▶ ACTIVITY
Write out the data word for word and drop any picture you find.

▶ AVAILABLE DATA
== Segment start ==

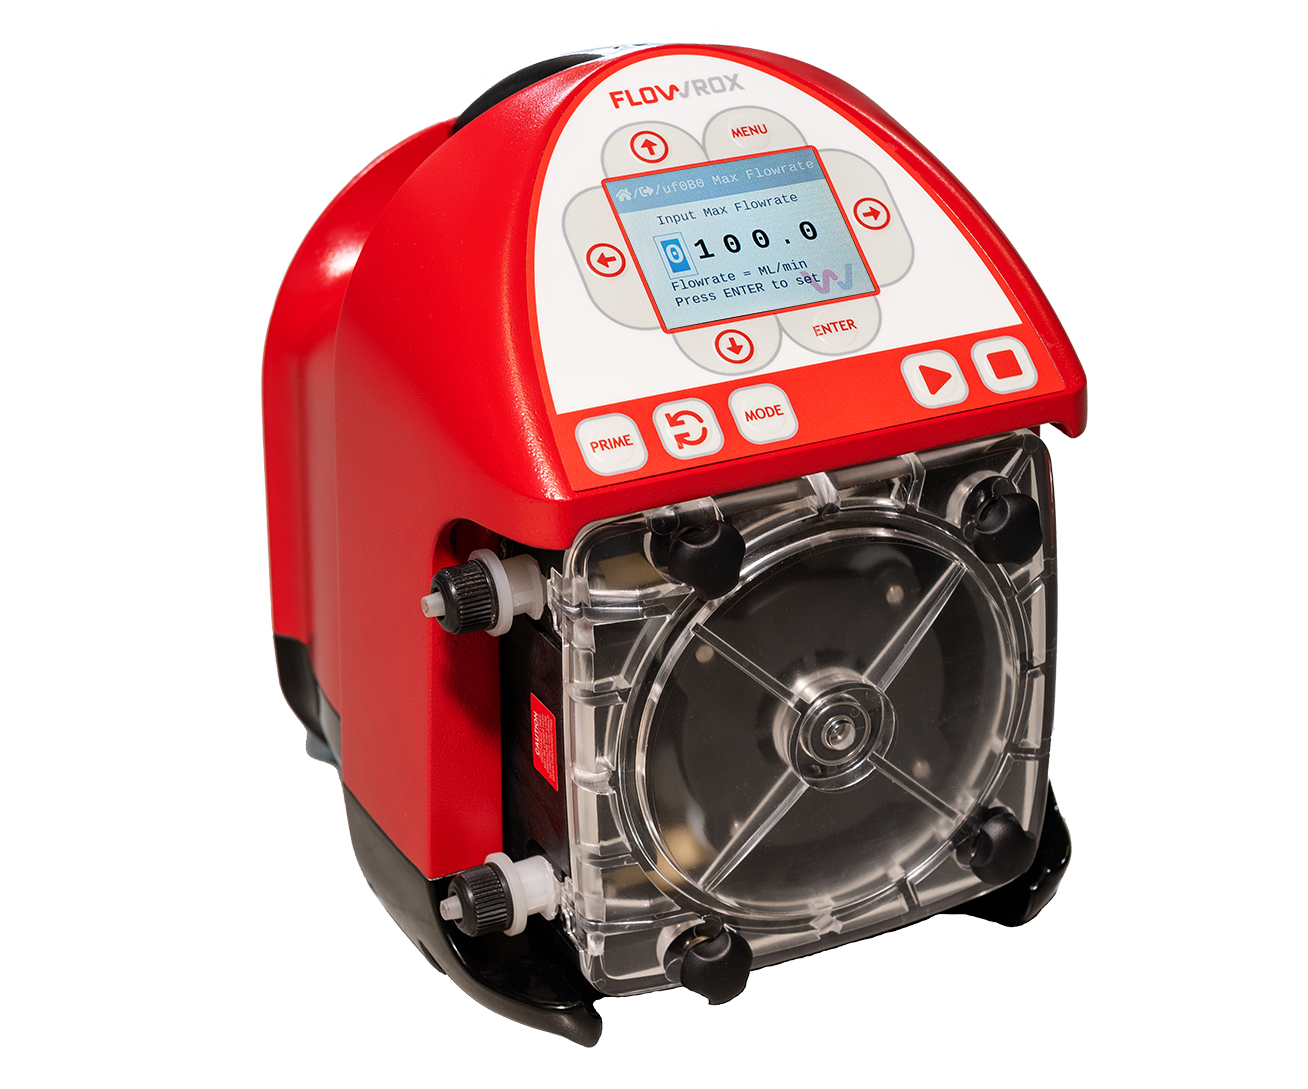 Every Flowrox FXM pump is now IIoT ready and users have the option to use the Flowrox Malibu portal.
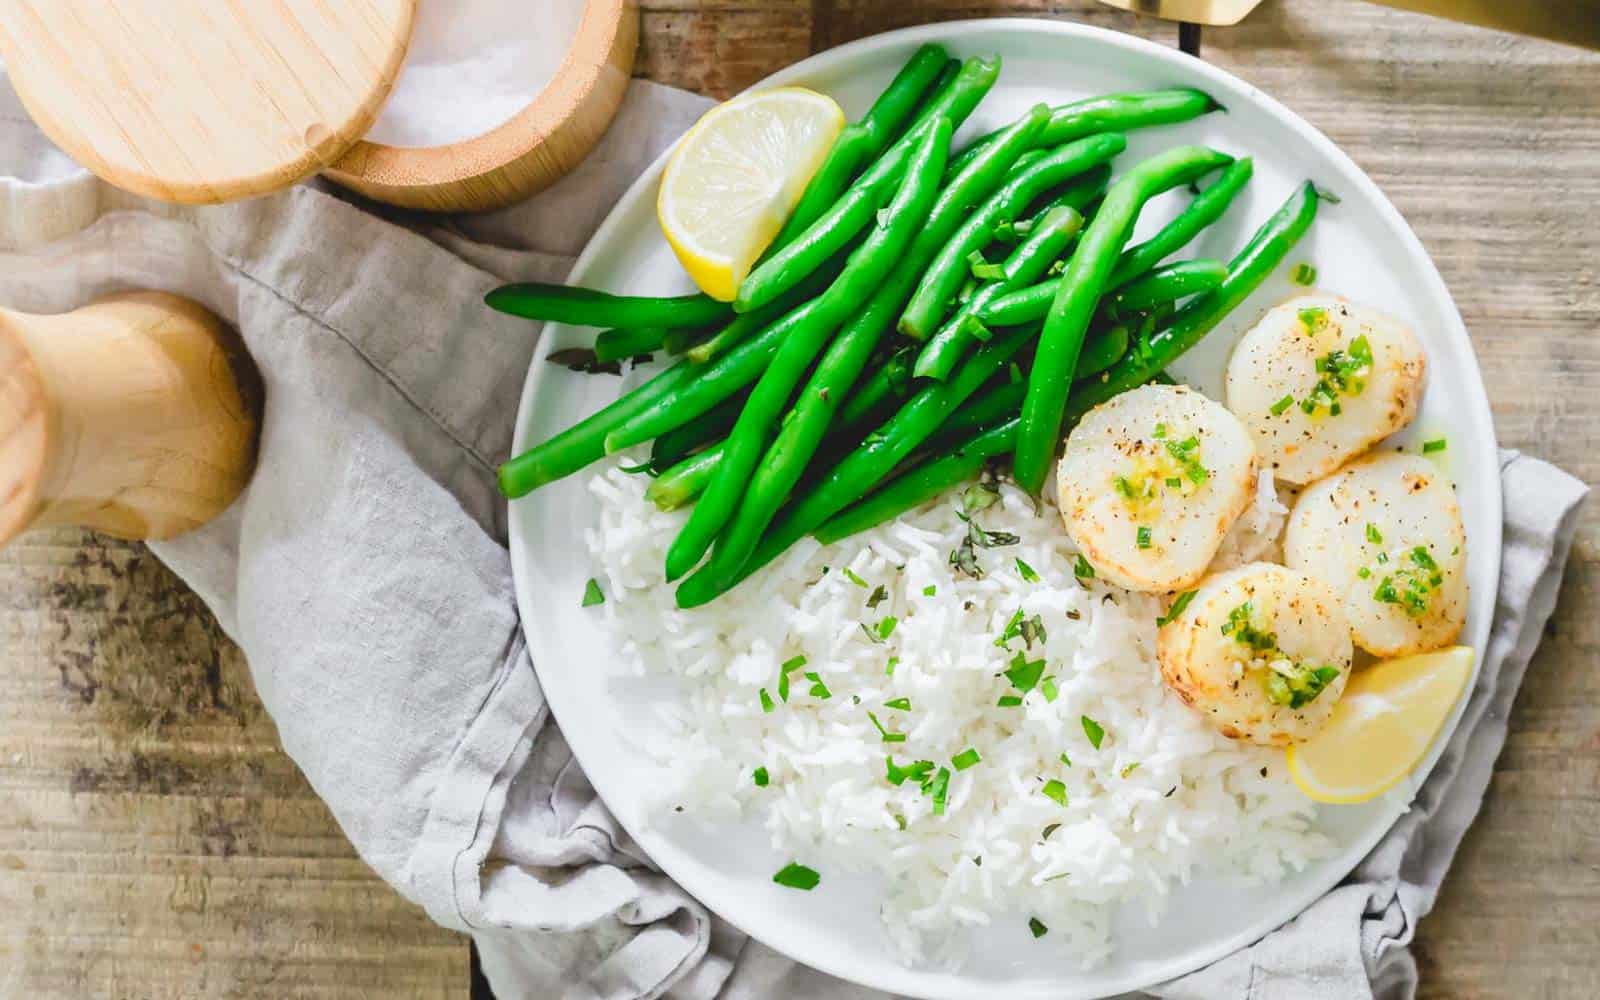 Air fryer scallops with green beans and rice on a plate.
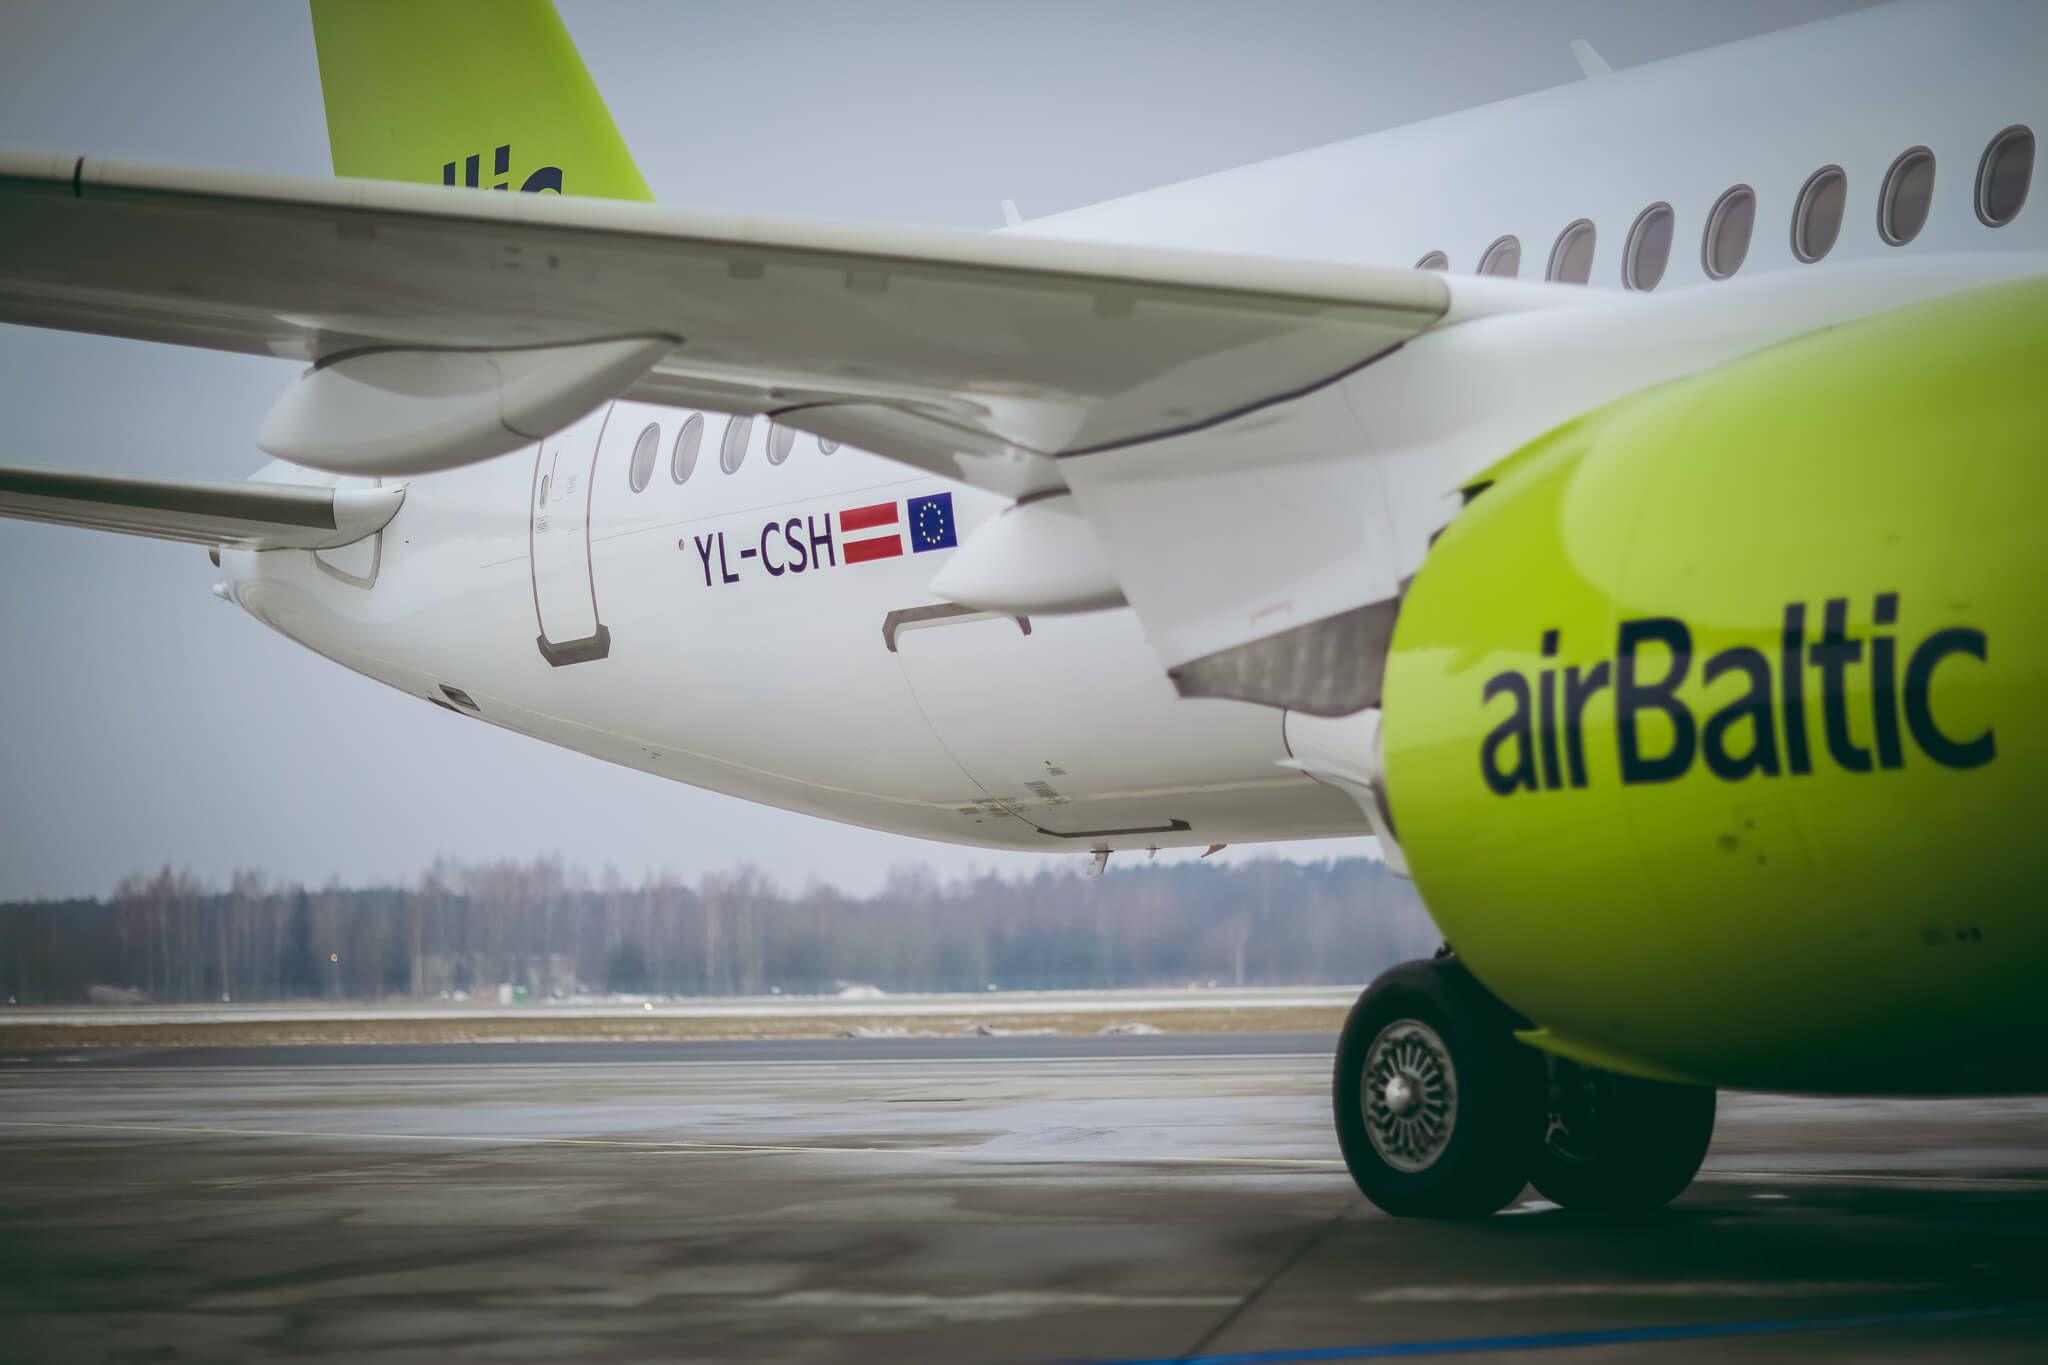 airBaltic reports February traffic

== Segment end ==

▶ FINISHED EXERCISE
 Every Flowrox FXM pump is now IIoT ready and users have the option to use the Flowrox Malibu portal.
 Air fryer scallops with green beans and rice on a plate.
 airBaltic reports February traffic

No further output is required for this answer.